Specifically, communication connection is established with a vehicle control unit based on RS232 communication/CAN communication, so that the vehicle control unit executes blast furnace central control room instruction information or molten iron car instruction information. The vehicle-mounted Bluetooth terminal is communicated with a VCU (vehicle control unit) of a vehicle through another DB9 pin interface (RS232 communication/CAN communication), collects and sends the molten iron car data to a stokehold base station and receives an instruction sent by the stokehold base station to the VCU of the vehicle.

Specifically, the method further comprises the following steps: when the Bluetooth communication connection cannot be established with the stokehole base station, the communication connection is established with the stokehole base station based on RS232 communication; acquiring furnace base station information based on RS232 communication, and transmitting the molten iron car data base RS232 communication to the furnace base station so that the furnace base station can forward the molten iron car data and a furnace opening number blast furnace central control room. Under the condition of Bluetooth wireless fault, wired connection can be realized with the hot metal car entering the furnace through the RS232 communication interface, and the data of the hot metal car transmitted by the wireless Bluetooth are kept consistent.

As shown in fig. 2, in an embodiment, the bluetooth-based data interaction system between a molten iron vehicle and a blast furnace according to the present invention includes a connection module 21 and a communication module 22; the connection module is used for establishing Bluetooth communication connection with the stokehole base station; the communication module is used for acquiring stokehole base station information based on Bluetooth communication and transmitting the hot metal car data to the stokehole base station based on the Bluetooth communication so that the stokehole base station can forward the hot metal car data and the stokehole base station information to a blast furnace central control room; and receiving instruction information of the blast furnace central control room forwarded by the stokehole base station.

It should be noted that: the structures and principles of the connection module 21 and the communication module 22 correspond to the steps in the above data interaction method between the molten iron car and the blast furnace based on bluetooth one-to-one, and therefore, the details are not repeated herein.

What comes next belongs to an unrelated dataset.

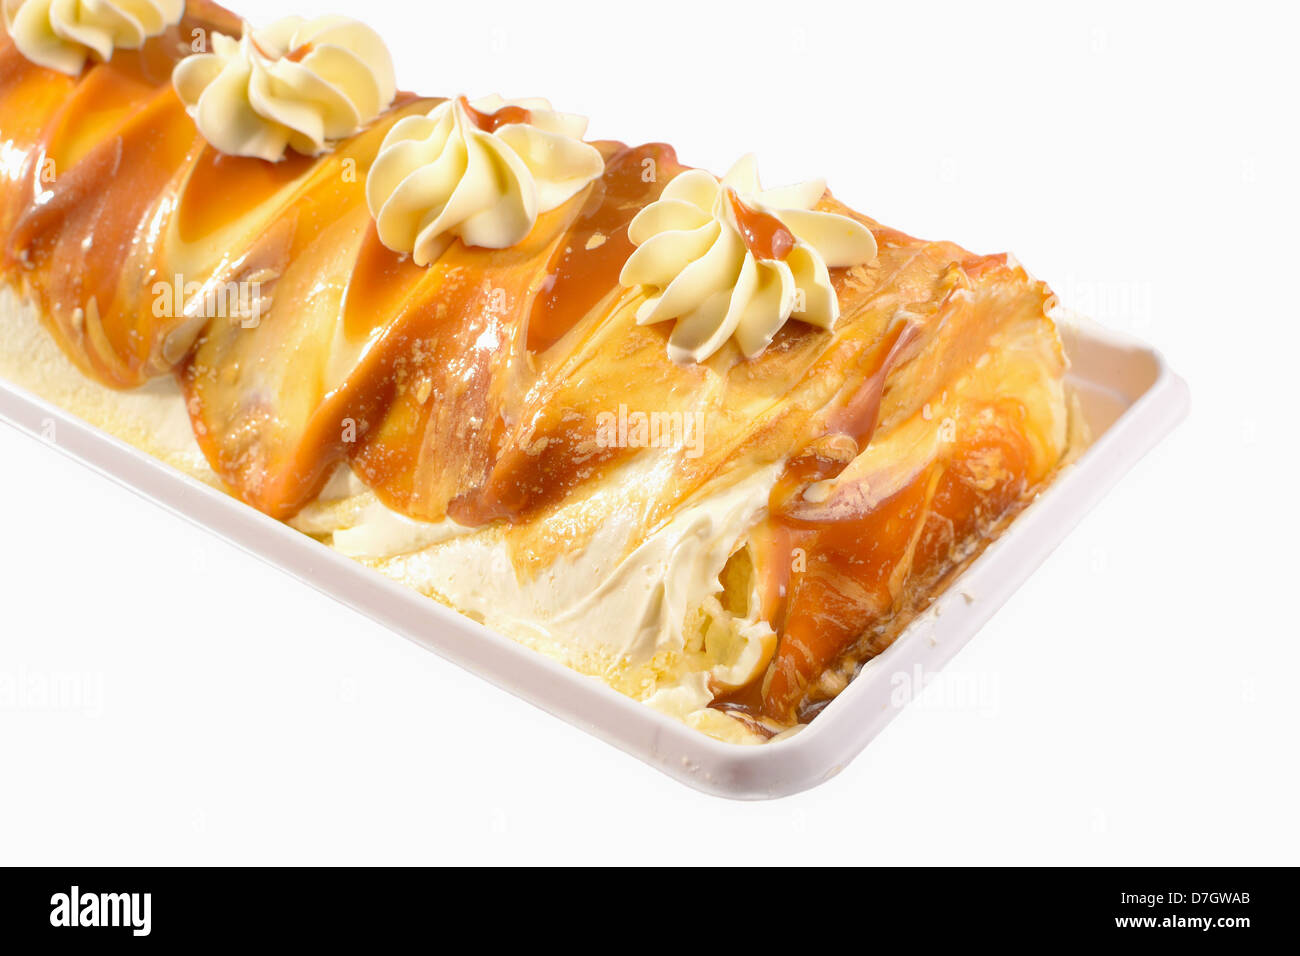 mouth-watering dulce de leche roll with vanilla buttercream icing on top and caramel filling isolated in white background. Stock Photo

It should be noted that the division of the modules of the above system is only a logical division, and the actual implementation may be wholly or partially integrated into one physical entity, or may be physically separated. And these modules can be realized in the form of software called by processing element; or may be implemented entirely in hardware; and part of the modules can be realized in the form of calling software by the processing element, and part of the modules can be realized in the form of hardware. For example, a module may be a processing element that is set up separately, or may be implemented by being integrated into a chip of the apparatus, or may be stored in a memory of the apparatus in the form of program code, and a processing element of the apparatus calls and executes a function of the module. Other modules are implemented similarly. In addition, all or part of the modules can be integrated together or can be independently realized. The processing element described herein may be an integrated circuit having signal processing capabilities. In implementation, each step of the above method or each module above may be implemented by an integrated logic circuit of hardware in a processor element or an instruction in the form of software.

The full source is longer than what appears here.